Add .NET auto-instrumentation to the Devices State Manager

OpenTelemetry .NET Automatic Instrumentation injects and configures the OpenTelemetry .NET SDK into the application and adds OpenTelemetry Instrumentation to key packages and APIs used by the application.

How to set it up? There are various options, we’ll focus on modifications within the Dockerfile for consistency reasons. An installer script is available for download and can be run as part of the Dockerfile. Detailed instructions can be found on GitHub: OpenTelemetry .NET Automatic Instrumentation. Pay special attention to the Instrument a container section, where you’ll find an example Dockerfile.
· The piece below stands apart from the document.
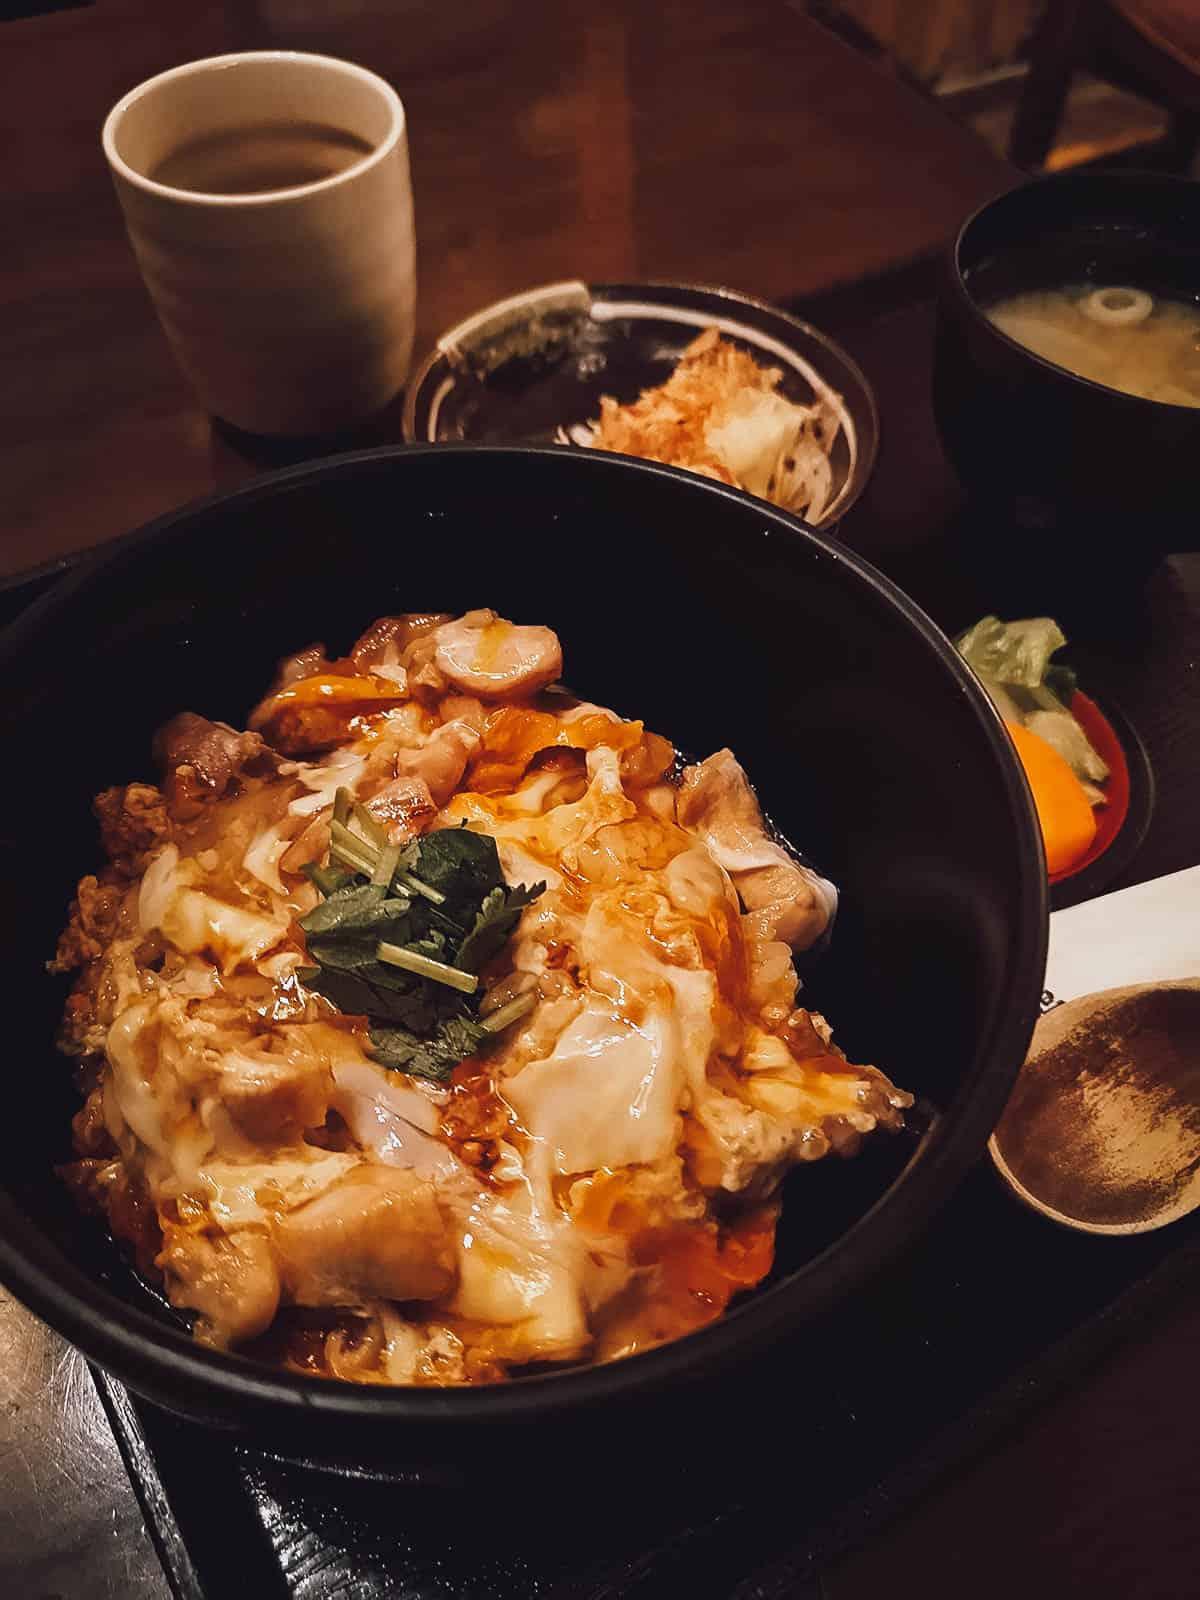 Tamago kake gohan with chicken at Kisaburo Nojo in Tokyo, Japan

Make sure the installer script is run just before the application is started.

Here’s what you need to do in your Devices State Manager Dockerfile:

Download and run the installer script. We recommend using version v1.1.0, which is the latest version we’ve tested.

🔍 Hint: step for downloading and installing the script

ARG OTEL_VERSION=1.1.0
ADD https://github.com/open-telemetry/opentelemetry-dotnet-instrumentation/releases/download/v${OTEL_VERSION}/otel-dotnet-auto-install.sh ./
RUN apt-get update && apt-get install -y unzip && apt-get install -y curl && \
    OTEL_DOTNET_AUTO_HOME="/otel-dotnet-auto" sh otel-dotnet-auto-install.sh

📝 Note: Take a note on which environment variables need to be set for the scripts to inject the libraries so that it collects all the telemetry we need.

That’s all for the Dockerfile changes! We’ll need to make additional configuration changes later. For now, you’re ready to build images with auto-instrumentation injected. Build them as described in the previous section 🚀 Deploy Application, or use the make push command from the root folder to build and push the devices-api and devices-state-manager images.

If you’d like to see complete Dockerfiles with auto-instrumentation injected, you can find them here:

🔦 Dockerfile with the auto-instrumentation for Java

FROM eclipse-temurin:17

RUN mkdir /app
COPY . /app
WORKDIR /app

RUN ./gradlew build

ADD https://github.com/open-telemetry/opentelemetry-java-instrumentation/releases/download/v1.31.0/opentelemetry-javaagent.jar ./

ENTRYPOINT ["java", "-javaagent:opentelemetry-javaagent.jar", "-jar","build/libs/devices-api.jar"]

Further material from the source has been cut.